Exact reproduction is required for the lines below starting at the line with "Germirli A.Mavi Kareli" and ending at the line with "Brudbukett och brudklädsel", both included. No other lines, and no pictures.

[Source material]

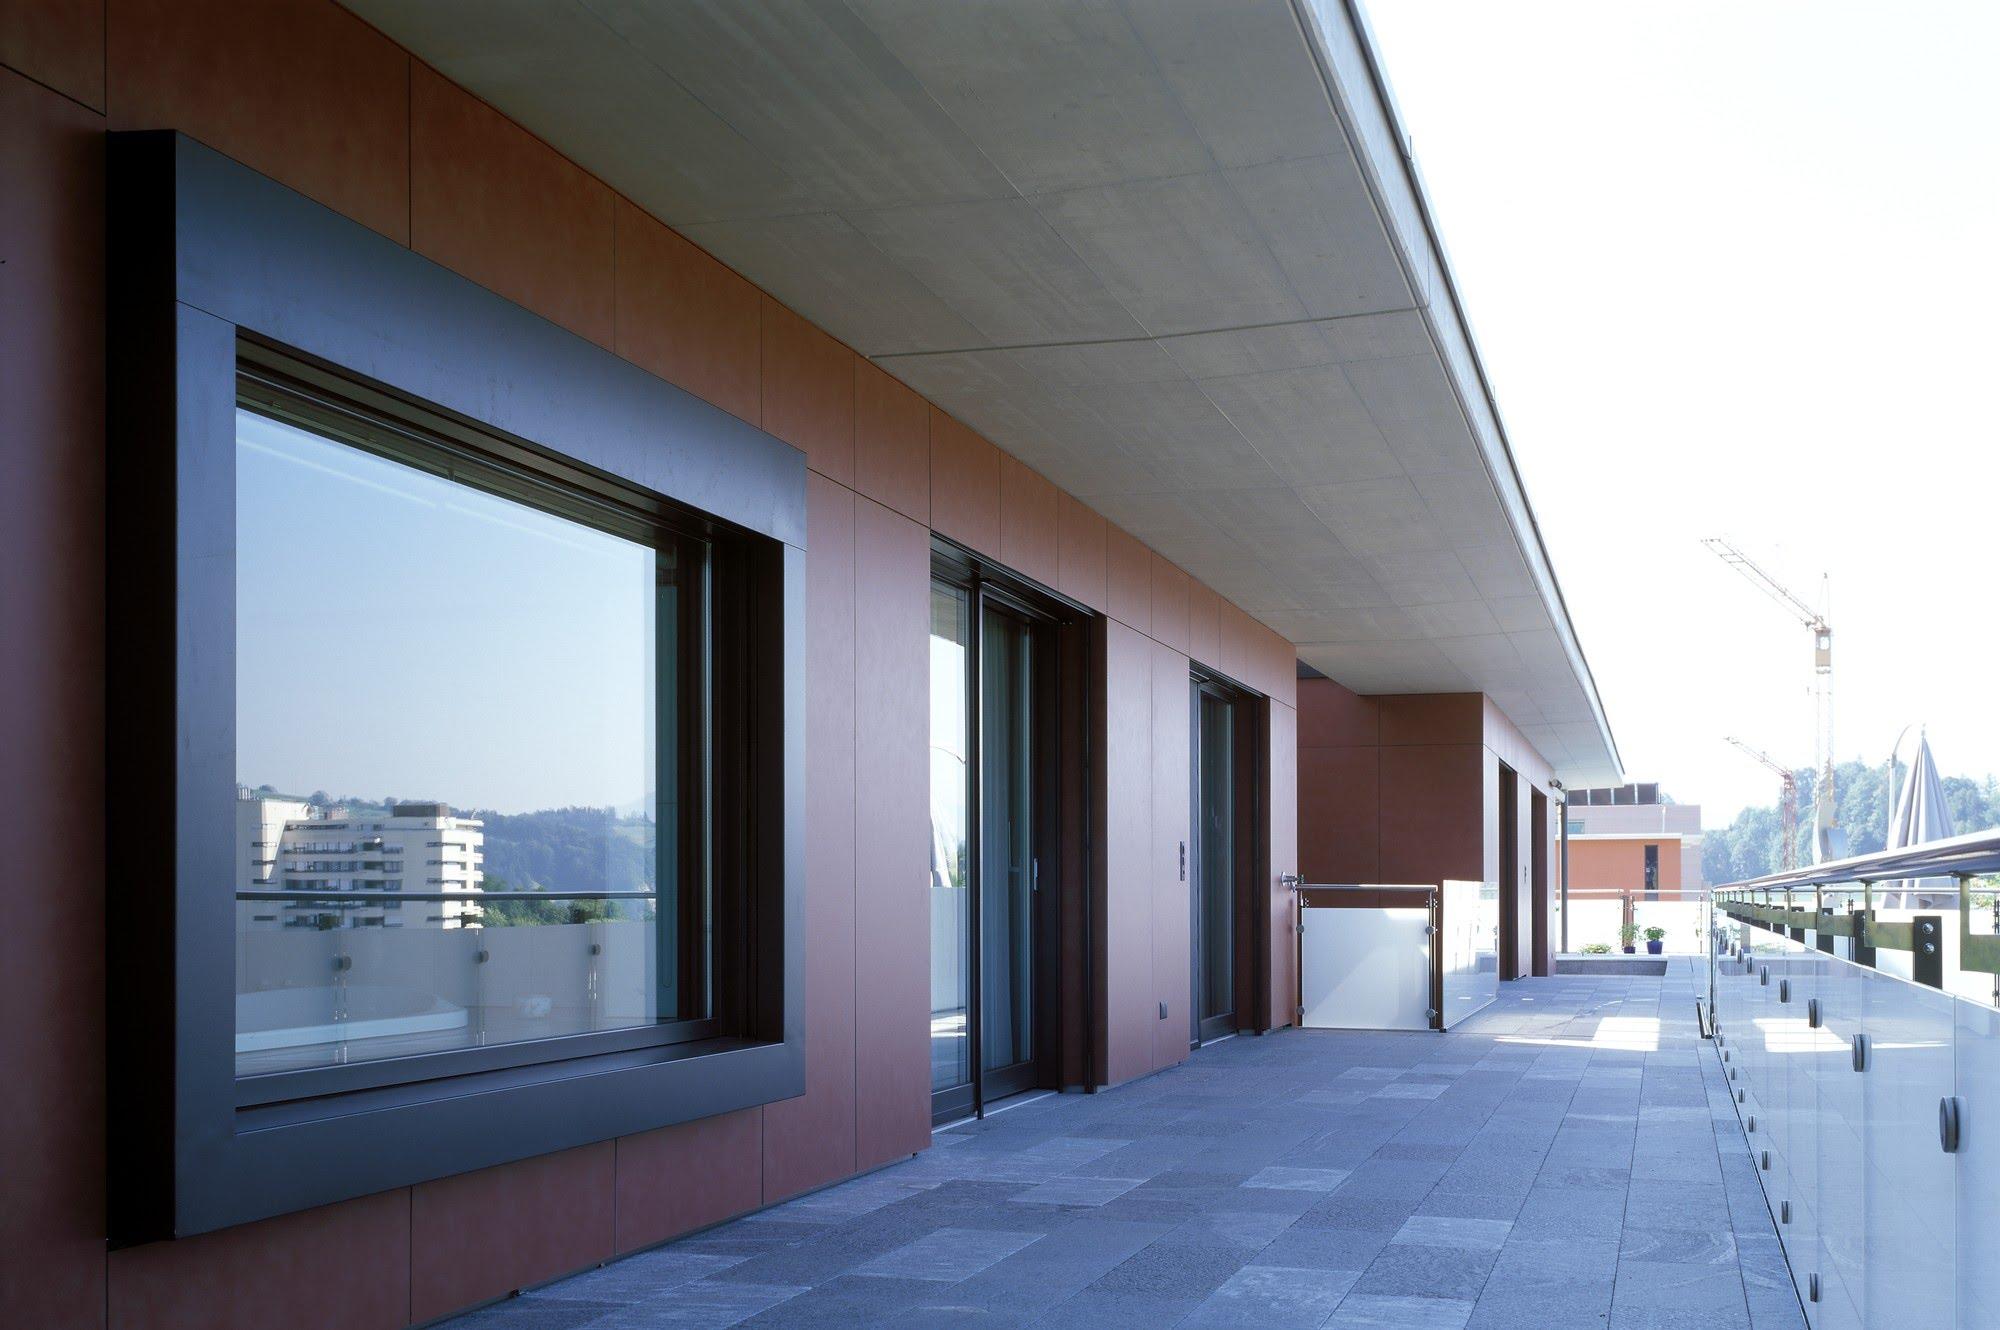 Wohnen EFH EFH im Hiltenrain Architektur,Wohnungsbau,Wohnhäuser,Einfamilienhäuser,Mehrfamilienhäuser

[/Source material]
[Source material]

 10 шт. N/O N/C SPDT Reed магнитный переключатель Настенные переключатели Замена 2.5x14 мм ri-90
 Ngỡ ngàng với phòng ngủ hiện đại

[/Source material]
[Source material]

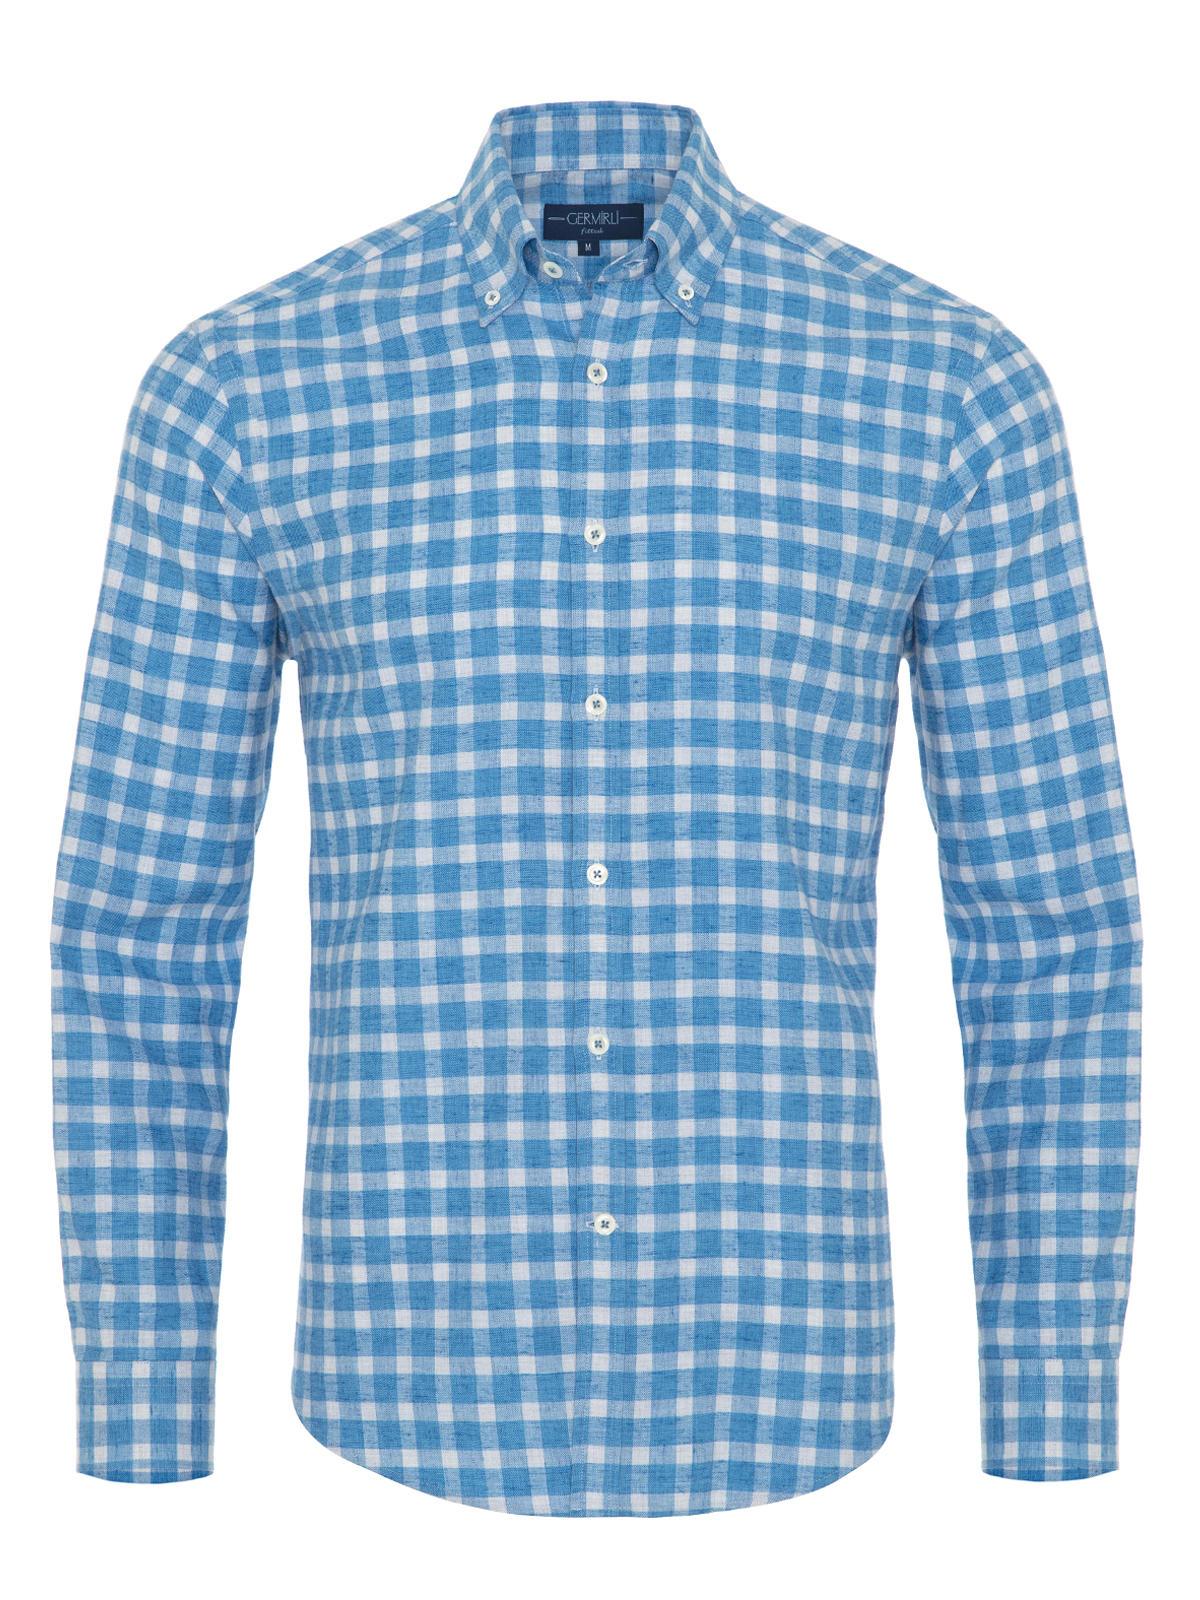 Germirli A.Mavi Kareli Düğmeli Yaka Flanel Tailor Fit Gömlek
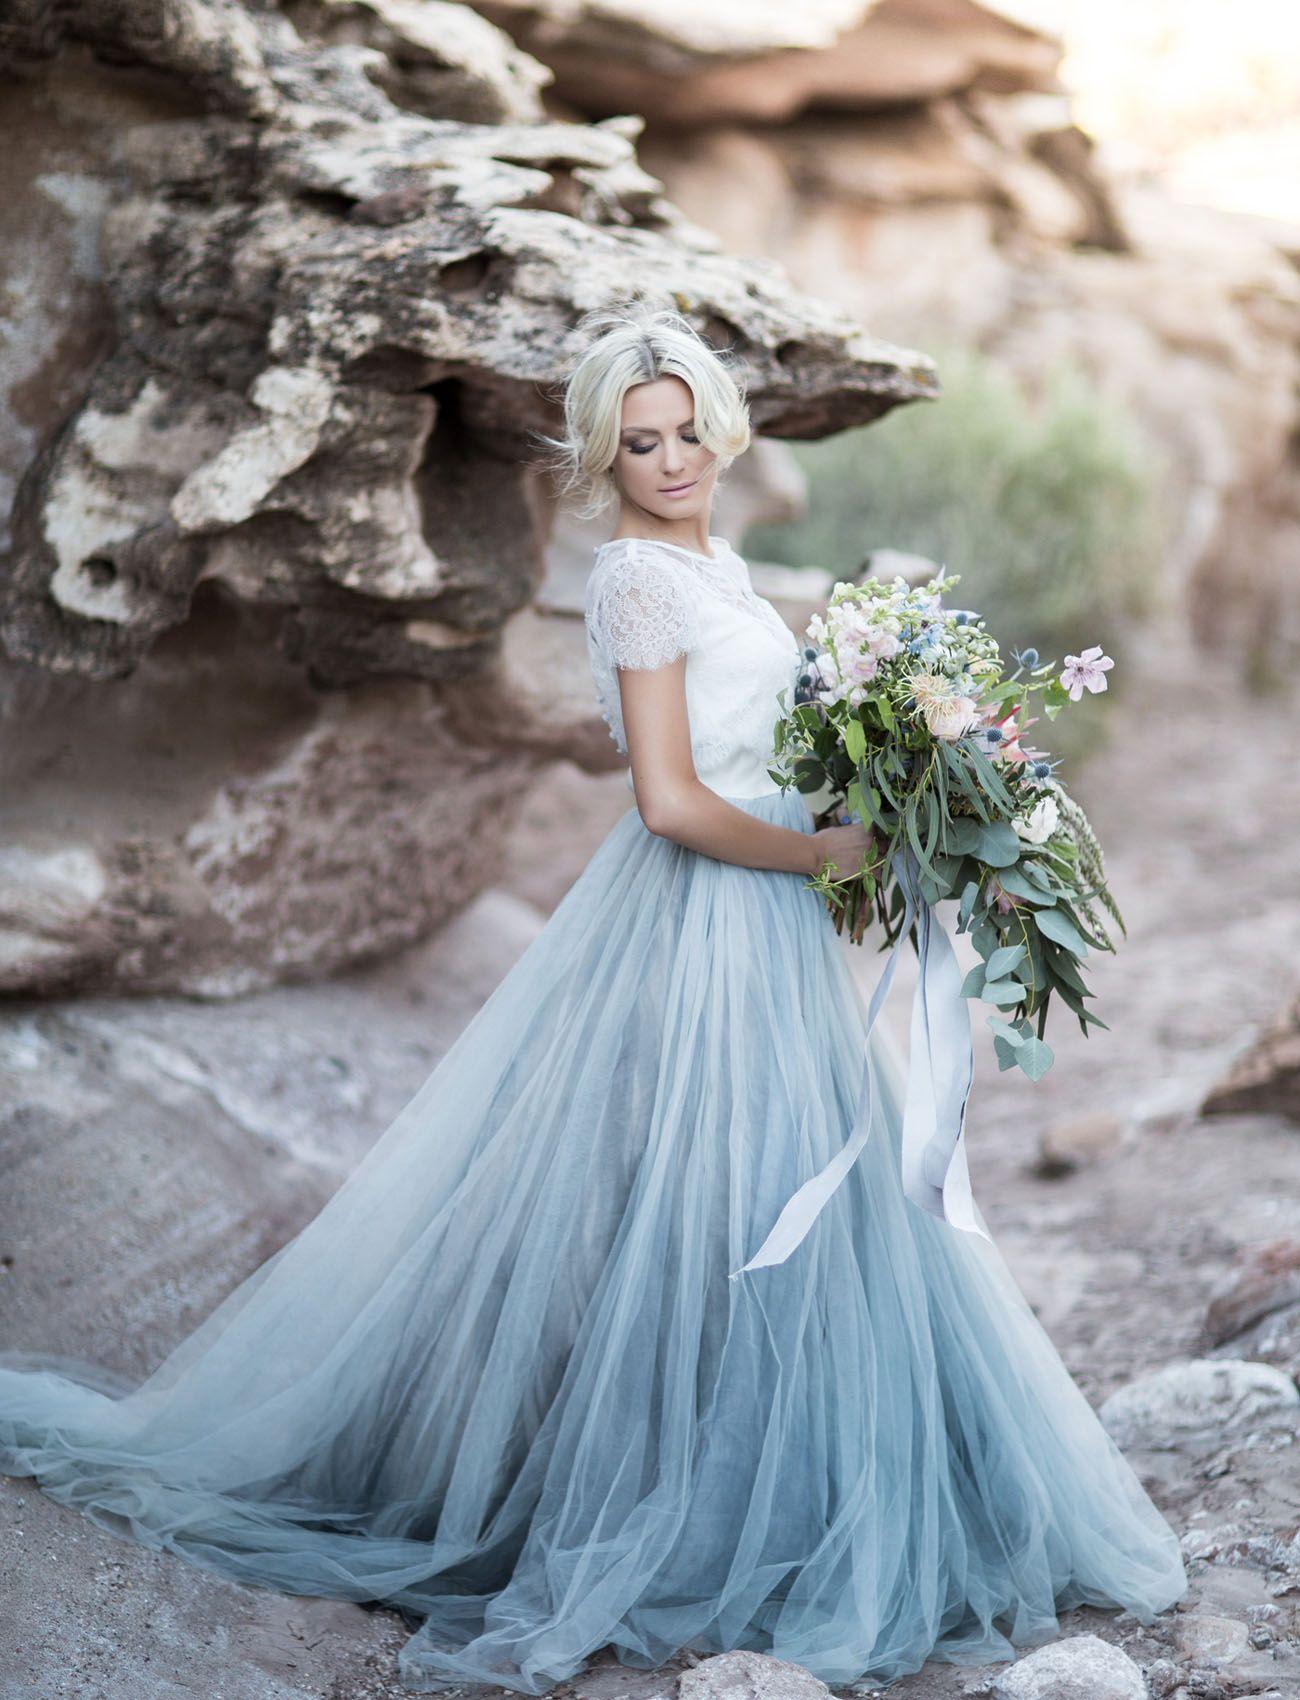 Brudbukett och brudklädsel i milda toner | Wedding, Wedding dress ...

[/Source material]

» Problem solution:
 Germirli A.Mavi Kareli Düğmeli Yaka Flanel Tailor Fit Gömlek
 Brudbukett och brudklädsel i milda toner | Wedding, Wedding dress ...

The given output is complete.